My generation wasted its youth amid such mass clashes. When we see a young person raging to attack a police officer with a placard stick, we know very well what is going on behind the scenes. This is a case where you must put a strait jacket on that young person so that s/he does not do any harm to himself/herself or any other person and s/he can receive psychological counseling. These cases emerge in the company of mass hysteria. Such a person is normal during his/her individual life. The dynamics of the group allows him/her the opportunity to express the violence within. To make better sense of this mass pathology, we need to recall a scene from May Day festivities several years ago: While her group was clashing with the police, a young girl was attacking the flowers in the park with a stick. Those who gather around a marginal leftist ideology hand over the reins of such aggressive feelings that they find hard to repress. Moreover, when their aggression is repressed by force, they attain a certain sense of legitimacy.
A matter of mass pathology
This is not a political problem. Their purpose is not to influence politics or express demands. It is rather a matter of mass pathology.

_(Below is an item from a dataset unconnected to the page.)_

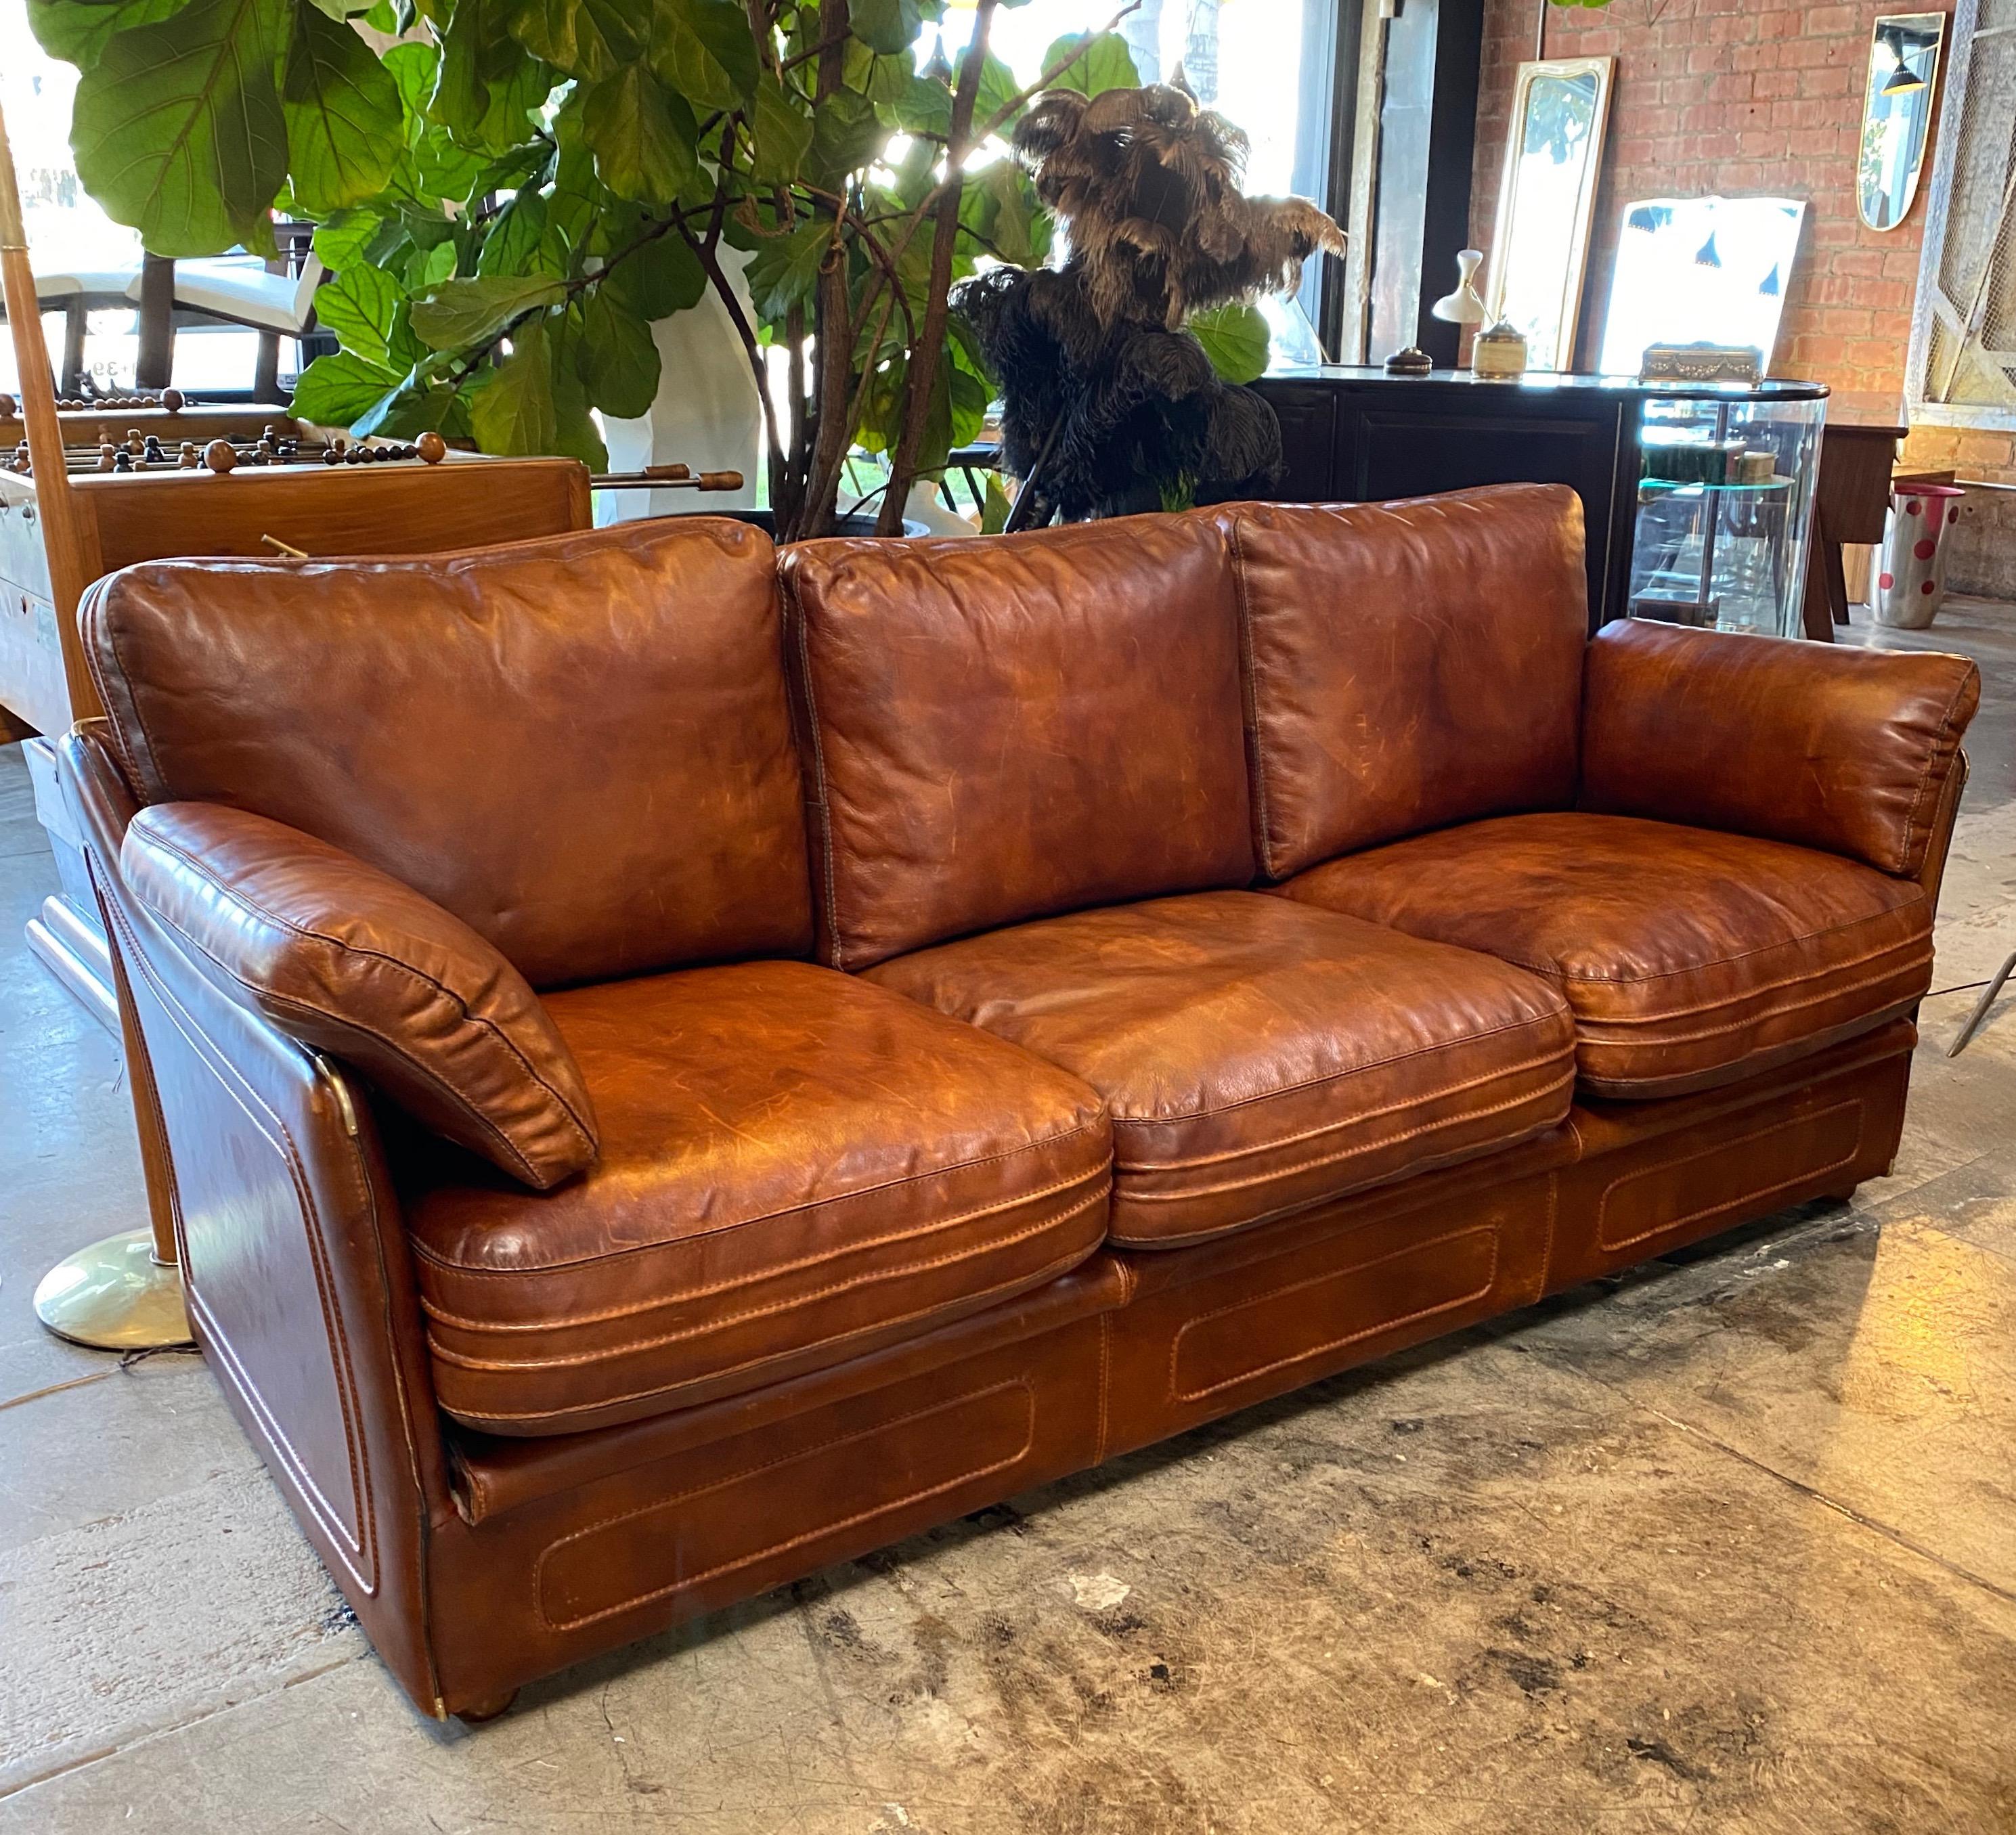 Mid-Century Modern Italian leather sofa, 1960s .The sofa is made out of high quality brown leather. The back and sit of the sofa is composed from three pillows. Armrests are covered with leather and have a soft stuffing in them for an extra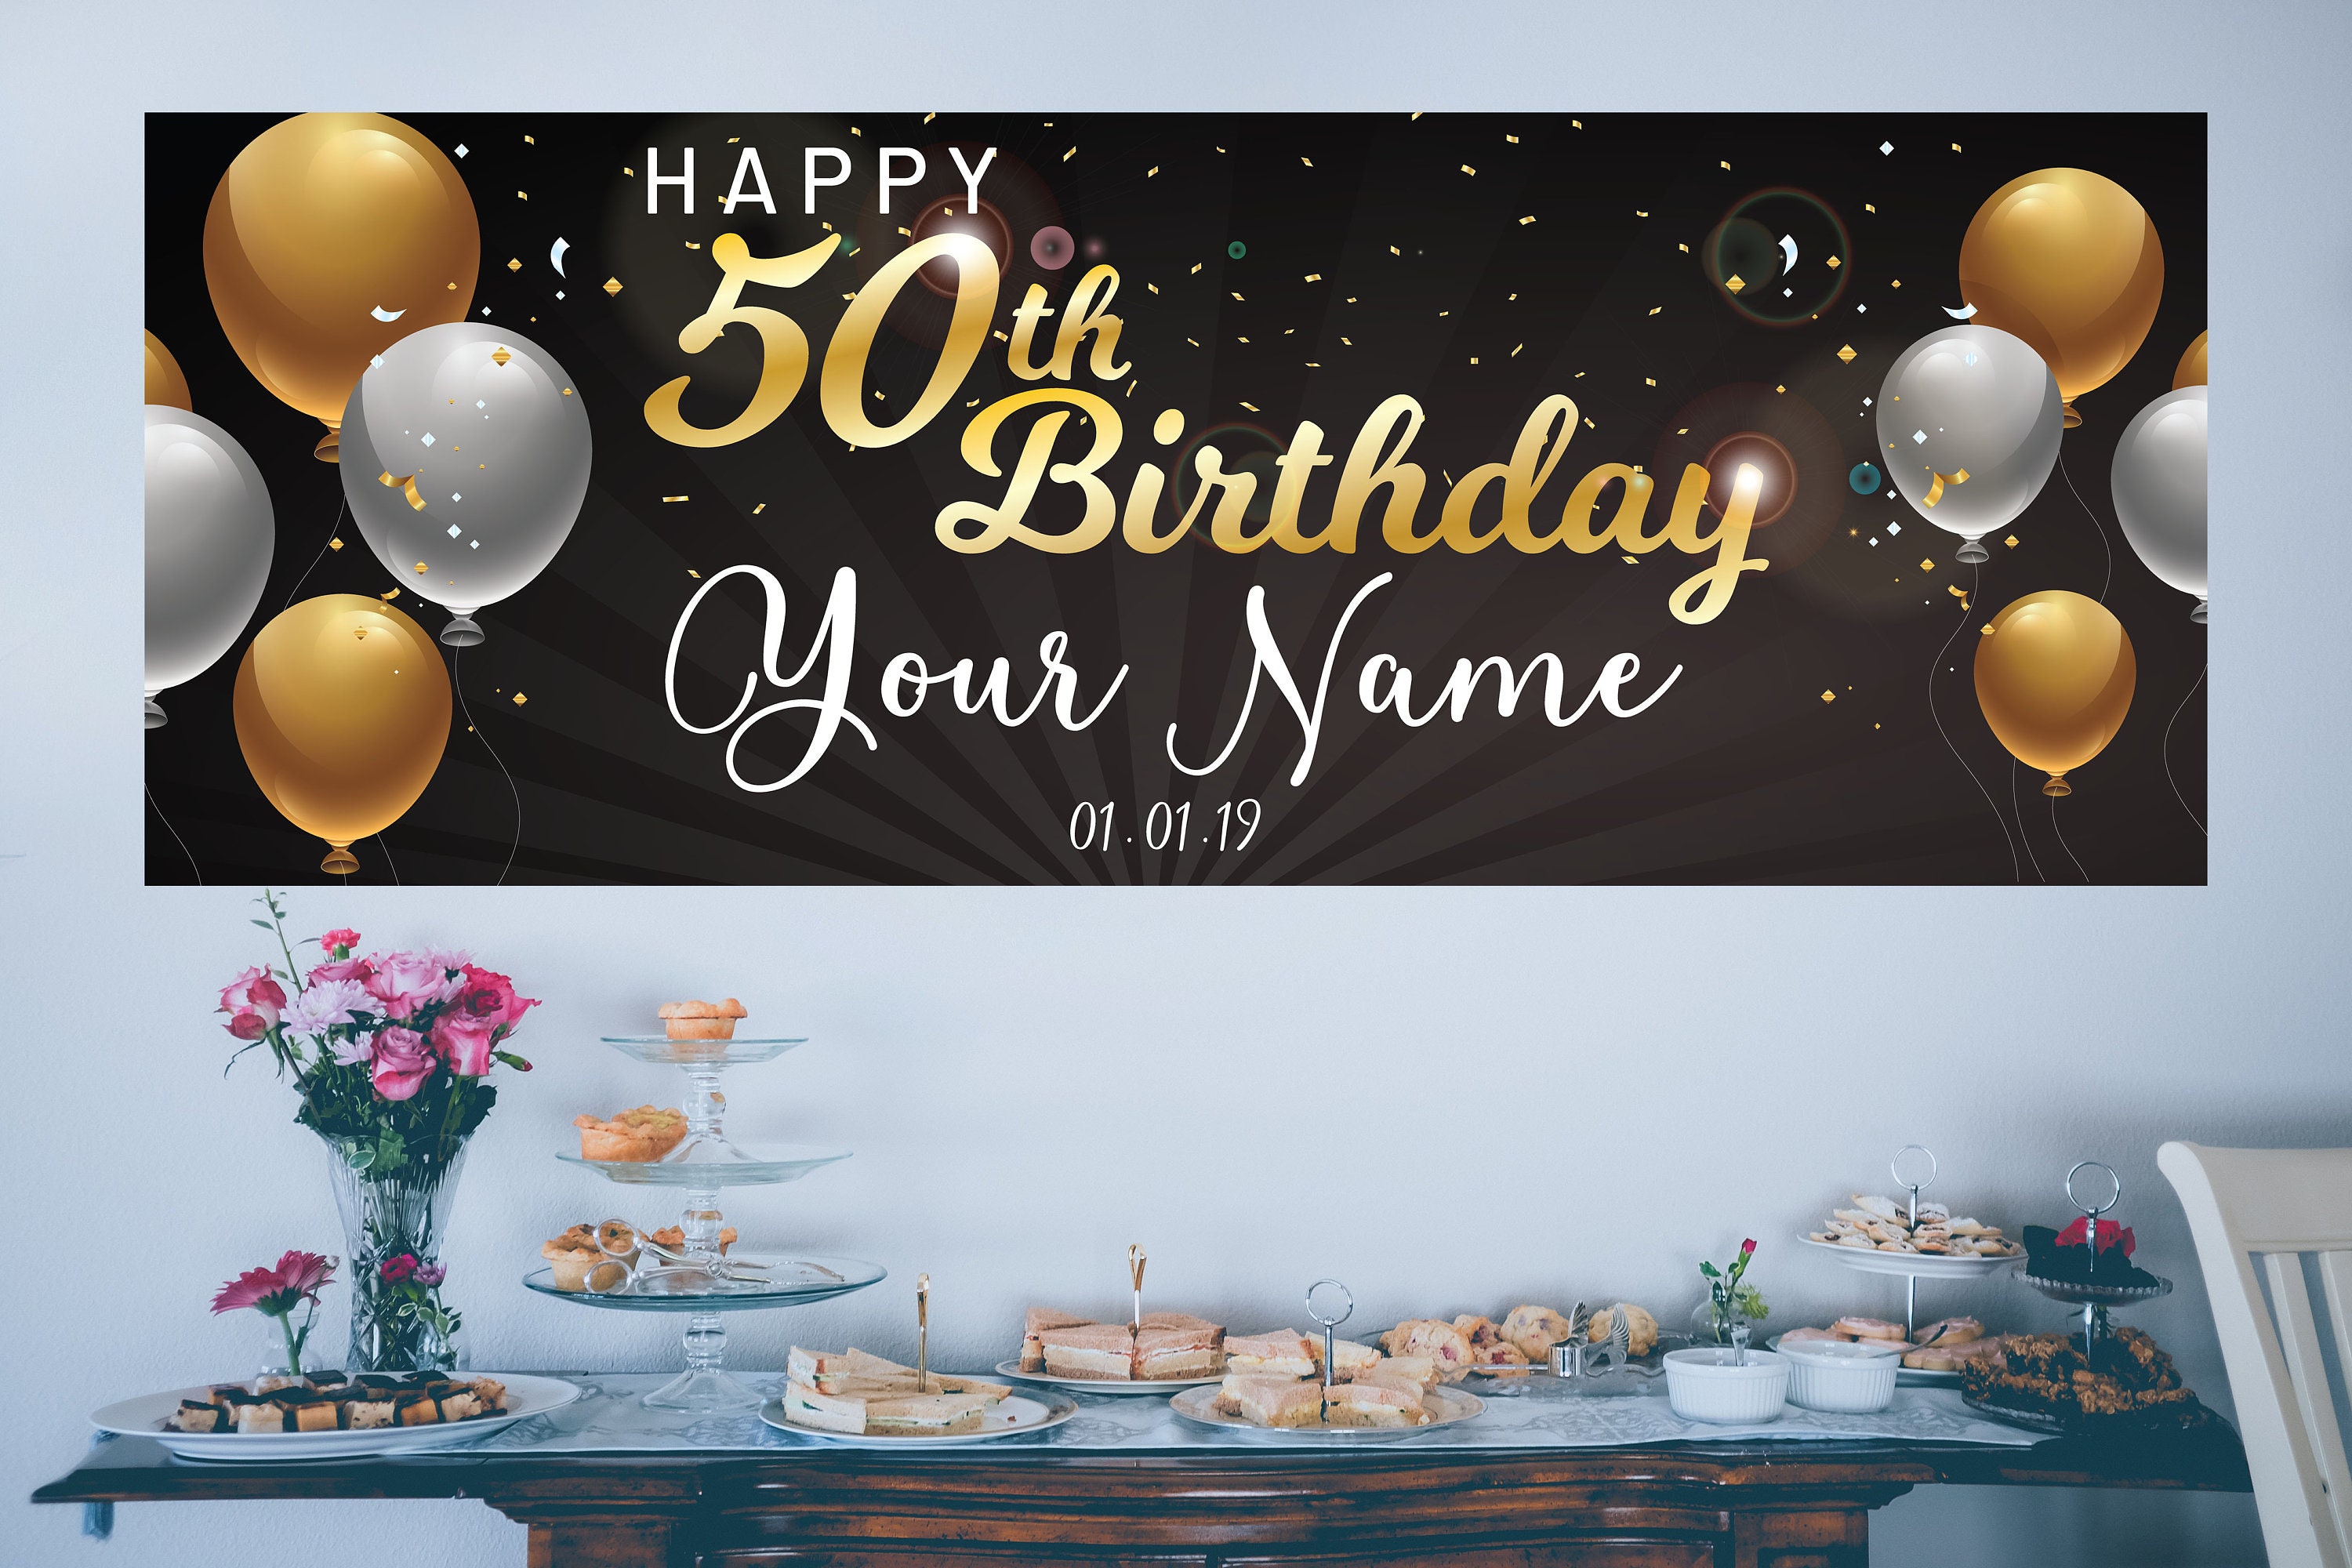 paper-party-supplies-personalized-birthday-banner-cindyclinic-jp

My diagnosis is based on my experiences from 30 years ago. I, too, was targeted by one of the violent attacks from these young people during a conference at a university. A young person cut me short in order to read a statement uninvited, and I gave my microphone to him so that he can talk more comfortably. He took no need. When his speech ended, seven or eight people started to shout slogans. When things went out of control, they assumed the role of victims. They resort to the very old method of exerting violence and claiming victims when they are subject to violence in return. What about the intellectual background to these actions? When they talk about their views for five minutes, they loop back to the beginning. We can do nothing but feel pity for them.
“Those who throw eggs today may throw stones tomorrow,” said CHP leader Kemal Kılıçdaroğlu about the eggs hurled at Kuzu. Batum, who could not deliver his speech because of protests, opted to ascribe fascism to these young people -- something which would anger them further.
These comments from the two top CHP executives are an answer to the concerns about the likelihood of student activism making a comeback. No, it will start again. Contrary to what the columnists who voluntarily promote these tyrannical, fascist methods say, the country is guided by common sense. We all have seen this film before. If you condemn the egg throwers today, no one will dare throw stones tomorrow and the likelihood of their firing bullets will be eliminated altogether.